RAW DATA section start

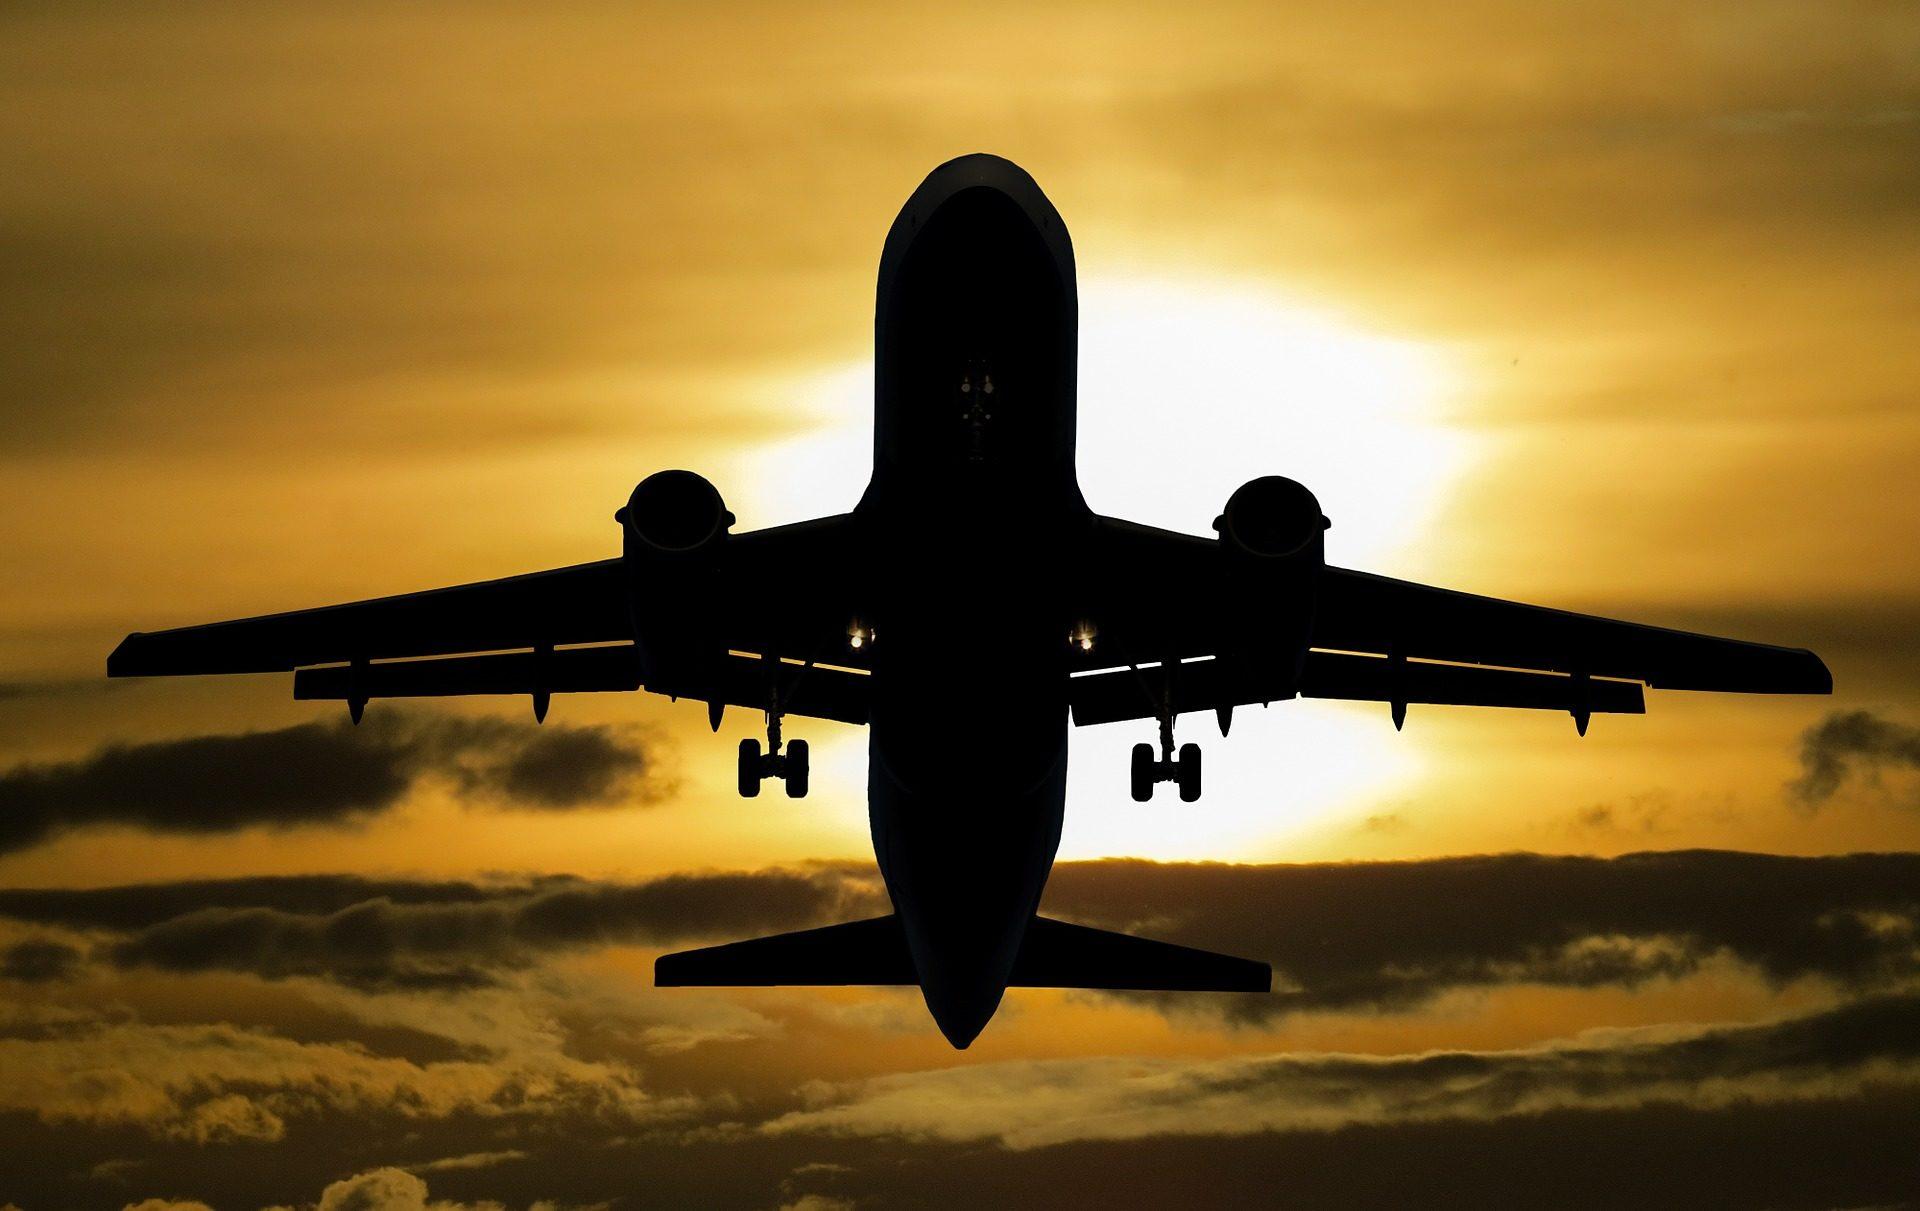 विमान, मक्खी, बादल, सूर्य, यात्रा, छुट्टी - HD वॉलपेपर - प्रोफेसर-falken.com
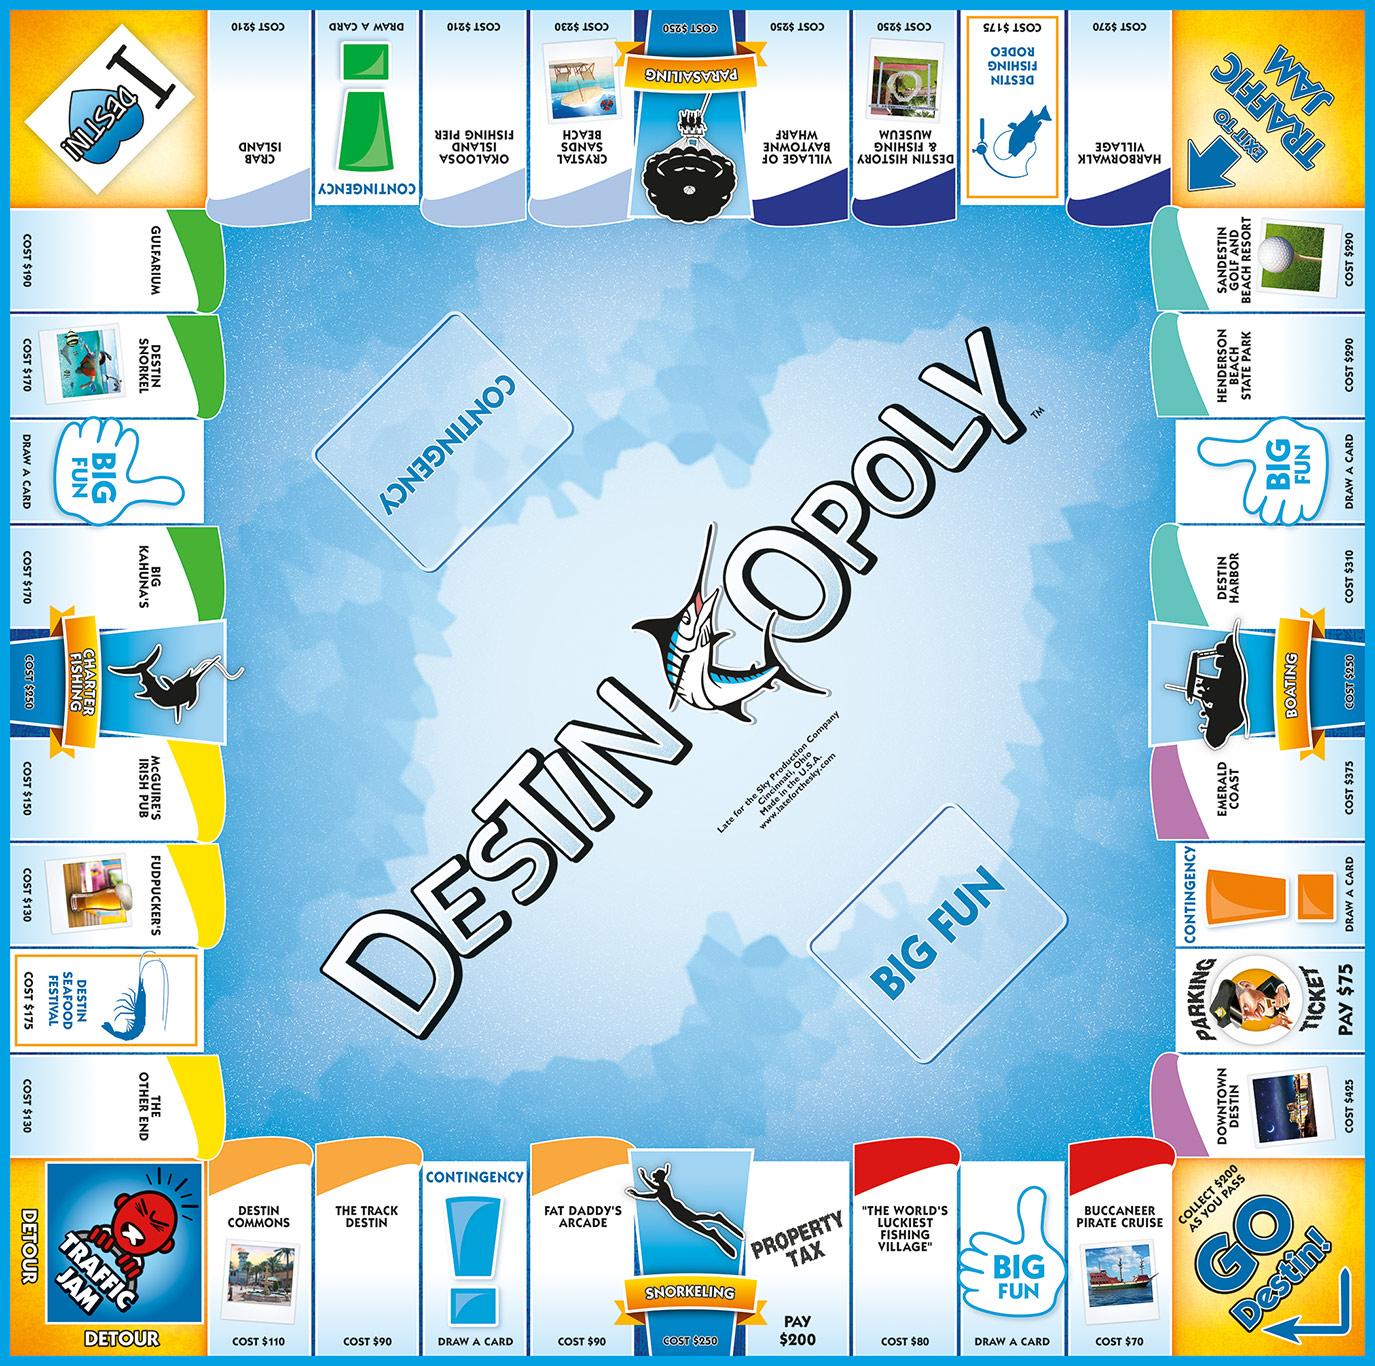 DESTIN-OPOLY Board Game
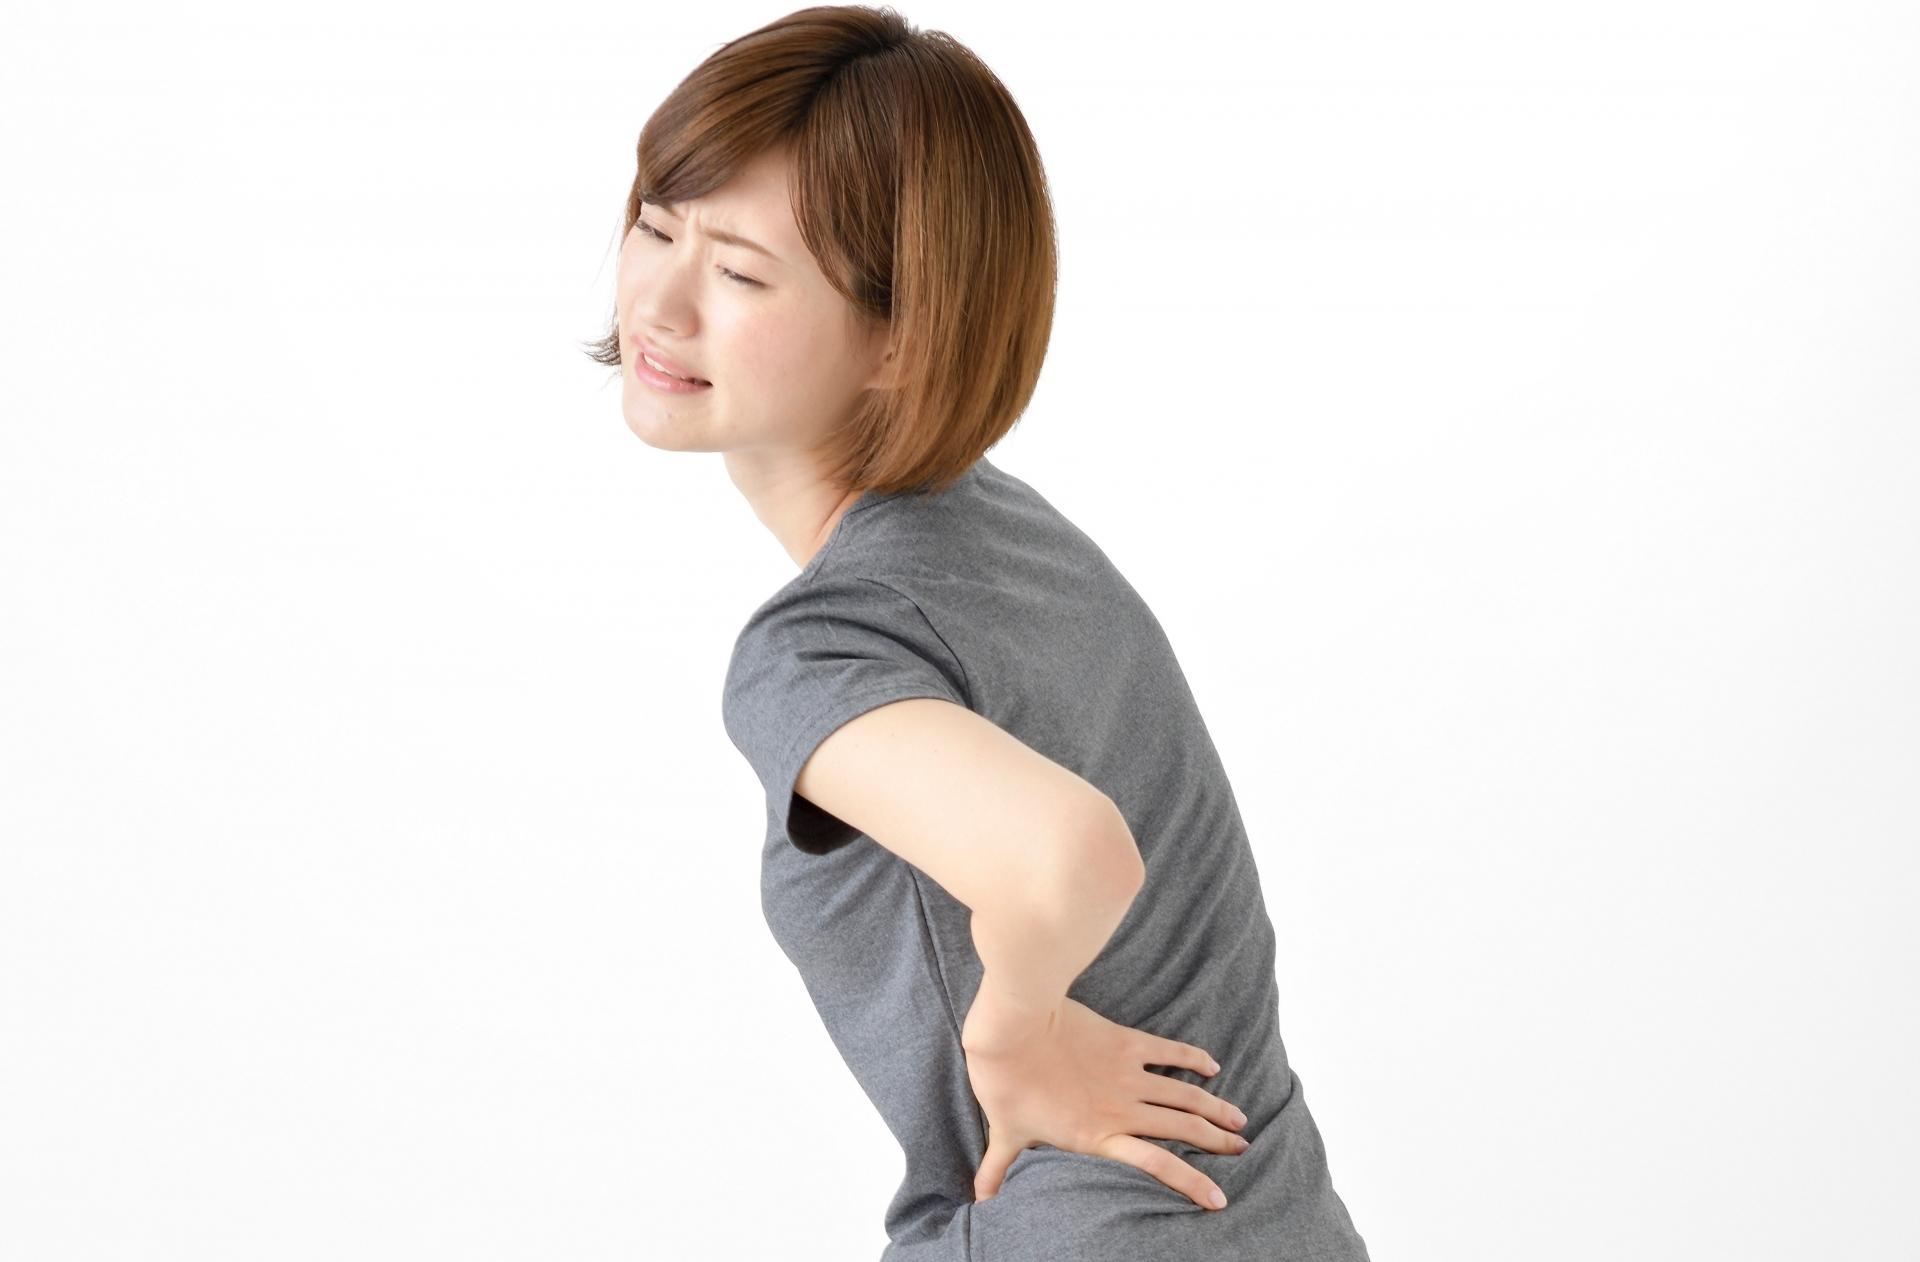 梨状筋症候群について
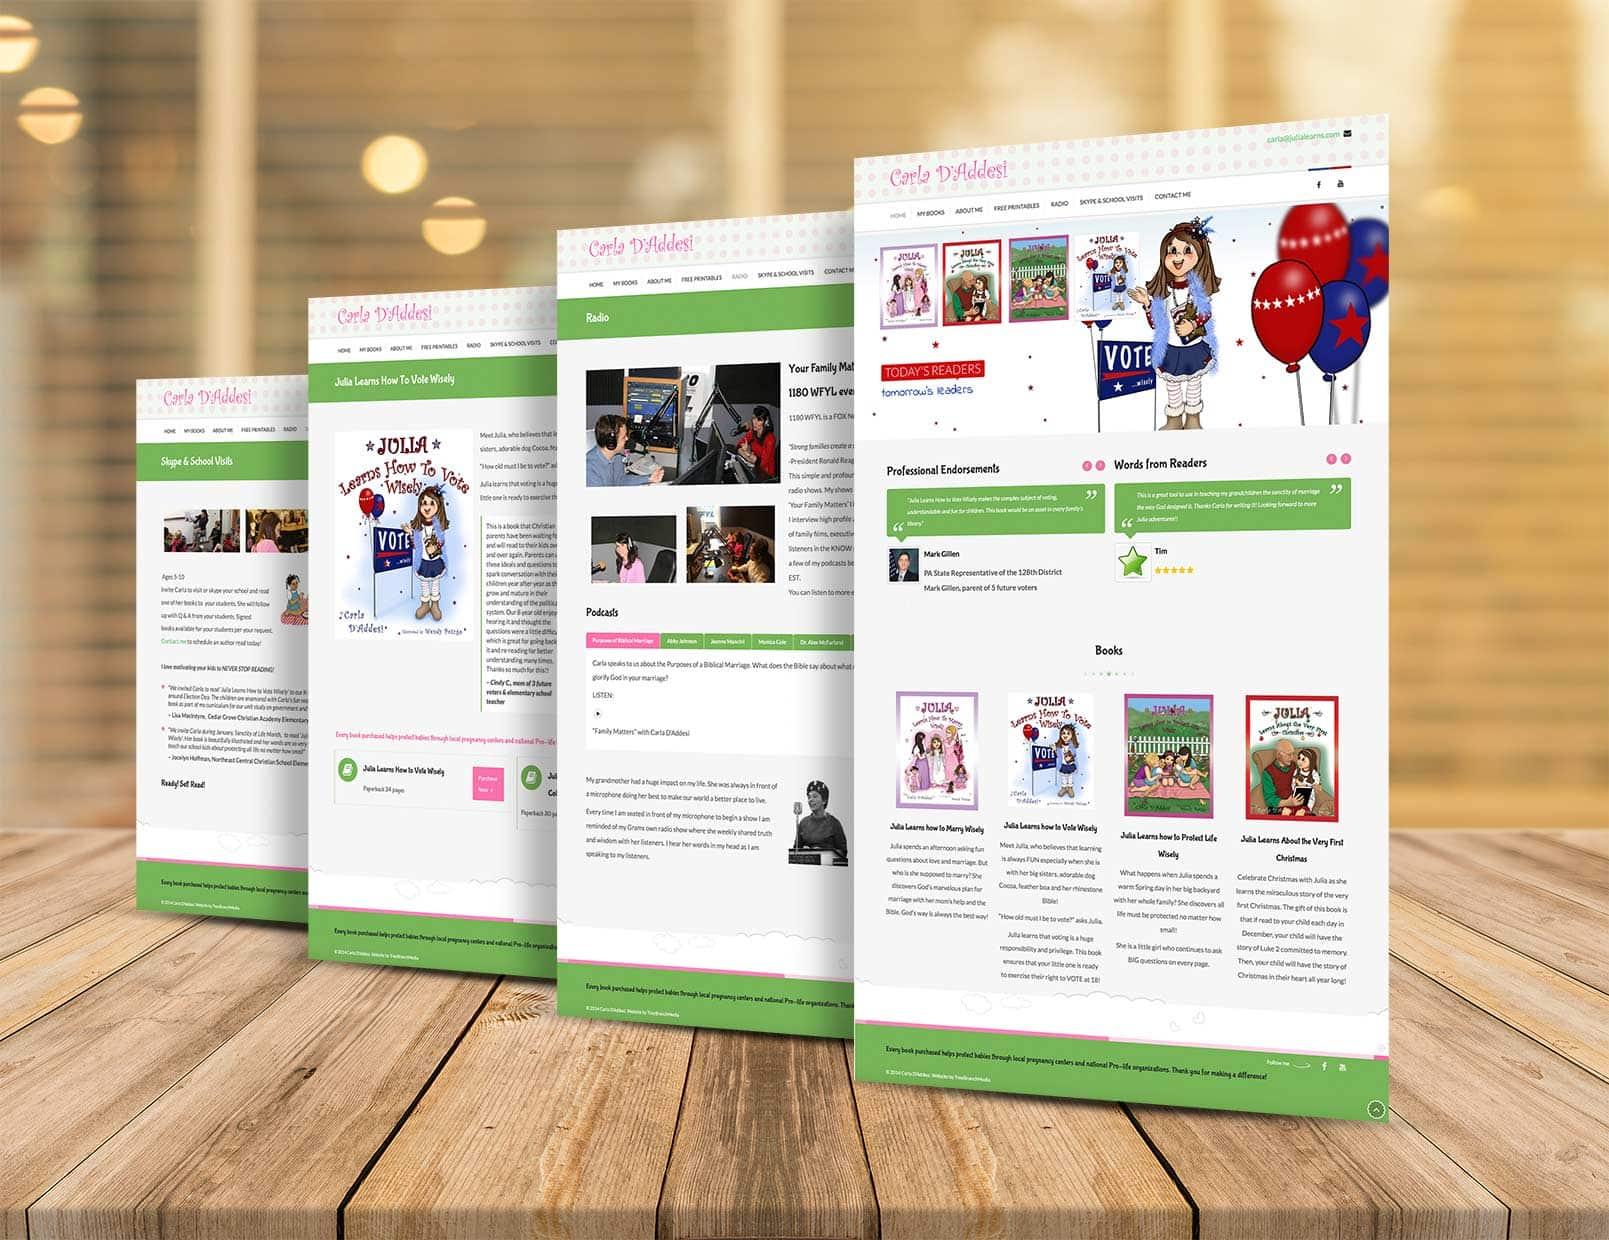 Website Designer - I need a website

RAW DATA section end

__WORK REQUEST__. Would you copy all of the data exactly? Keep the pictures out of it.

__EXERCISE ANSWER__.
 विमान, मक्खी, बादल, सूर्य, यात्रा, छुट्टी - HD वॉलपेपर - प्रोफेसर-falken.com
 DESTIN-OPOLY Board Game
 梨状筋症候群について
 Website Designer - I need a website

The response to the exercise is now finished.